The Prodigy “Out of Space” (Elektra Records, 1992)
This track by alternative dance/big beat combo The Prodigy is like a perfume – a whiff of it and you’re transported nearly 20 years back in time, back to carefree days in the late nineties, dancing the night away with my gang of friends. Its catchy refrain “I’ll take your brain to another dimension” never fails to this date to do exactly that. At the gym, on my way to work, any time.
Manic Street Preachers “A Design for Life” (Epic Records, 1996)
A friend of mine once maintained that the “Manics”, as they were often referred to at the time, were an acquired taste. So be it. I have developed many a crush and for songs in particular. This one somehow stayed, it reminds me of many many (…) nights spent down at the local pub, its infectious orchestral tune staying engraved in my mind forever. Needless to say, hardly ANYONE has ever heard of them over here. Must be something to do with the lack of pubs.
Beethoven Piano Concerto n °5 “Emperor” (Maurizio Pollini, Wiener Philharmoniker)

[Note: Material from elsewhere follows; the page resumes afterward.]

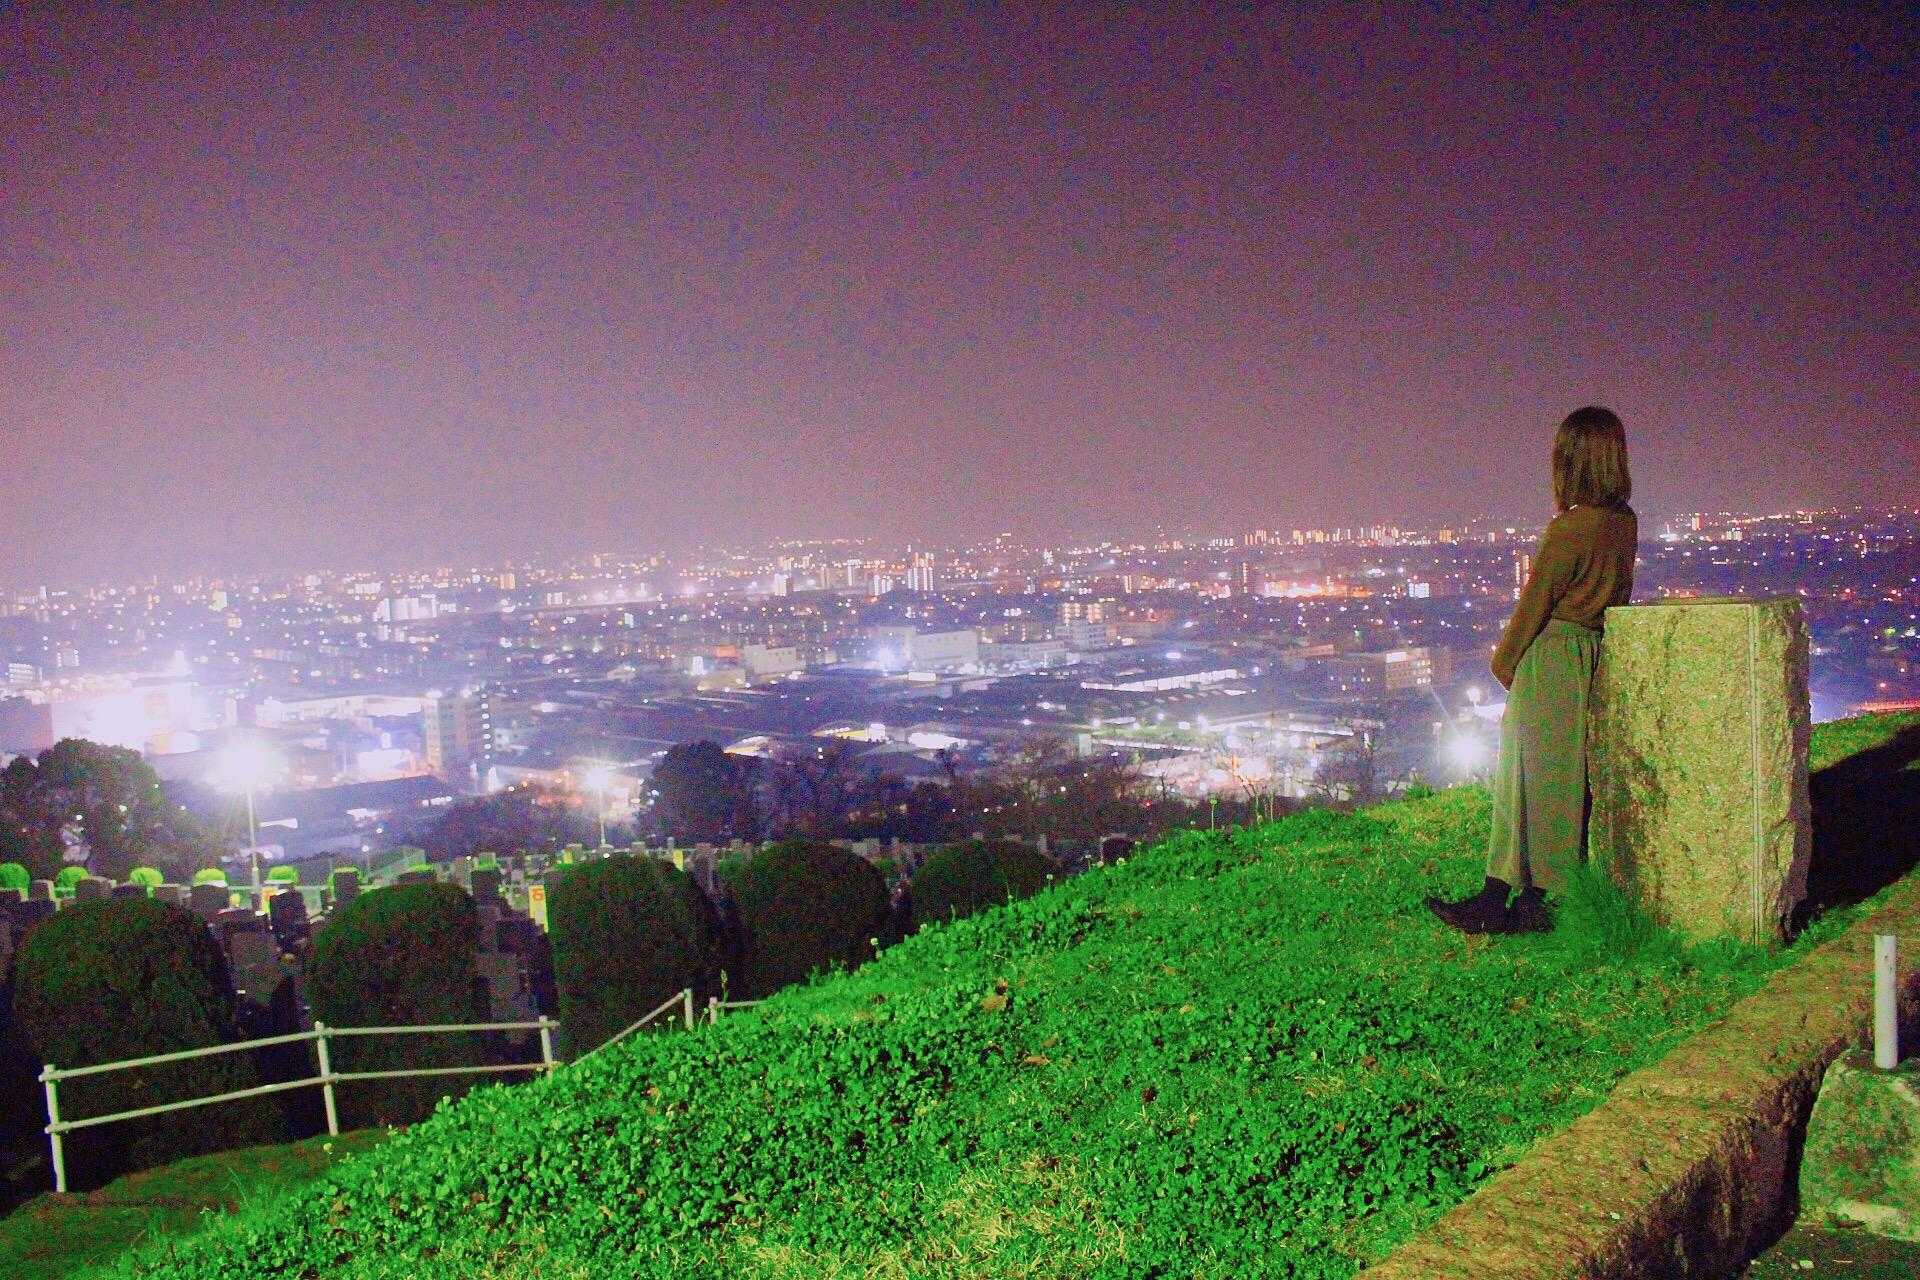 【祈りが丘記念公園】夜景と桜。夜のデートスポット
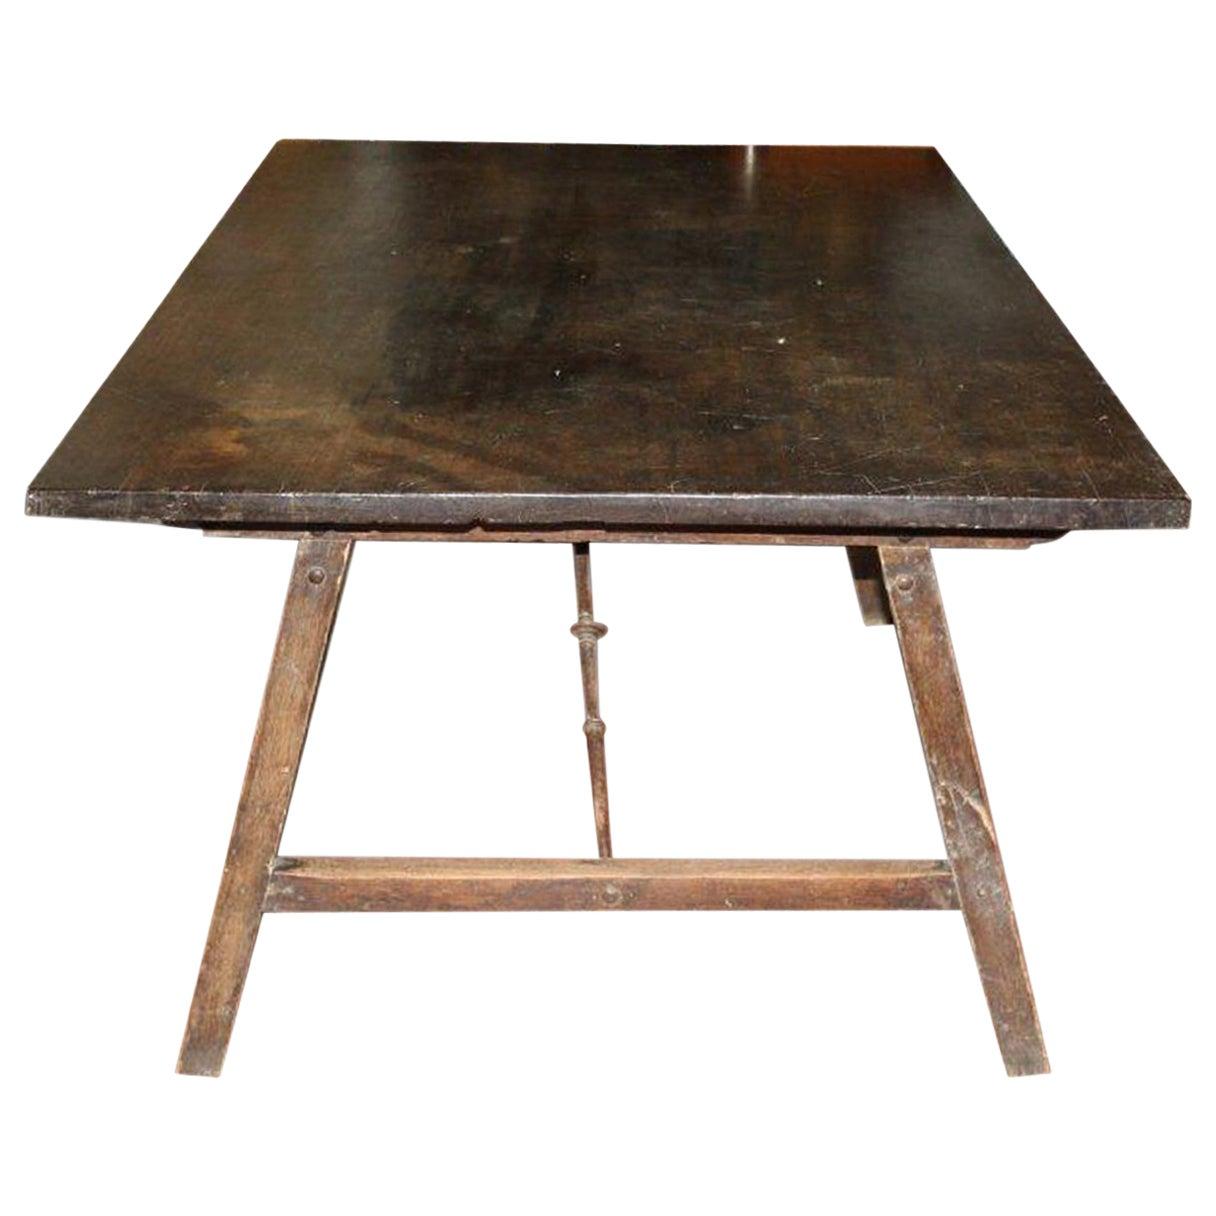 Mahogany Table Foldable Legs, 17th Century

This is, as the title implies, a very majestic piece of music. Most people in Germany will recognize it from a very popular tea advert (“Teekanne”), also a clever means of promoting classical music to those not inclined that way. It is supremely elegant, flows beautifully, with a slight hint of melancholy in the second movement. I can listen to it time and time again, with unveiling a new facet I had not yet discovered.
London Grammar “Strong” (Metal & Dust Recordings, 2013)
London Grammar – definitely an acquired taste and not to everyone’s liking. Though originally an Indie-Pop combo, their music has been described by online music news site “Gigwise” as “a blend of ambient, ethereal and classical sounds”, with the brooding, and mesmerizingly haunting voice of Hannah Reid taking centre stage. This is actually sounds more depressing than I intended – I found it to be exceptionally uplifting and re-balancing music. I listened to it a lot this summer when I went hiking – beyond beautiful and definitely one of my “newer” all-time favourites for years to come.
George Michael/Elton John “Don’t let the Sun Go Down on Me” (Columbia Records, 1991)
Everyone has a musical skeleton in their closet, and this is mine. Incredibly cheesy, incredibly infectious and incredibly upbeat. For times when shit really hit the fan, a quick pull-me up and get over it-type of song.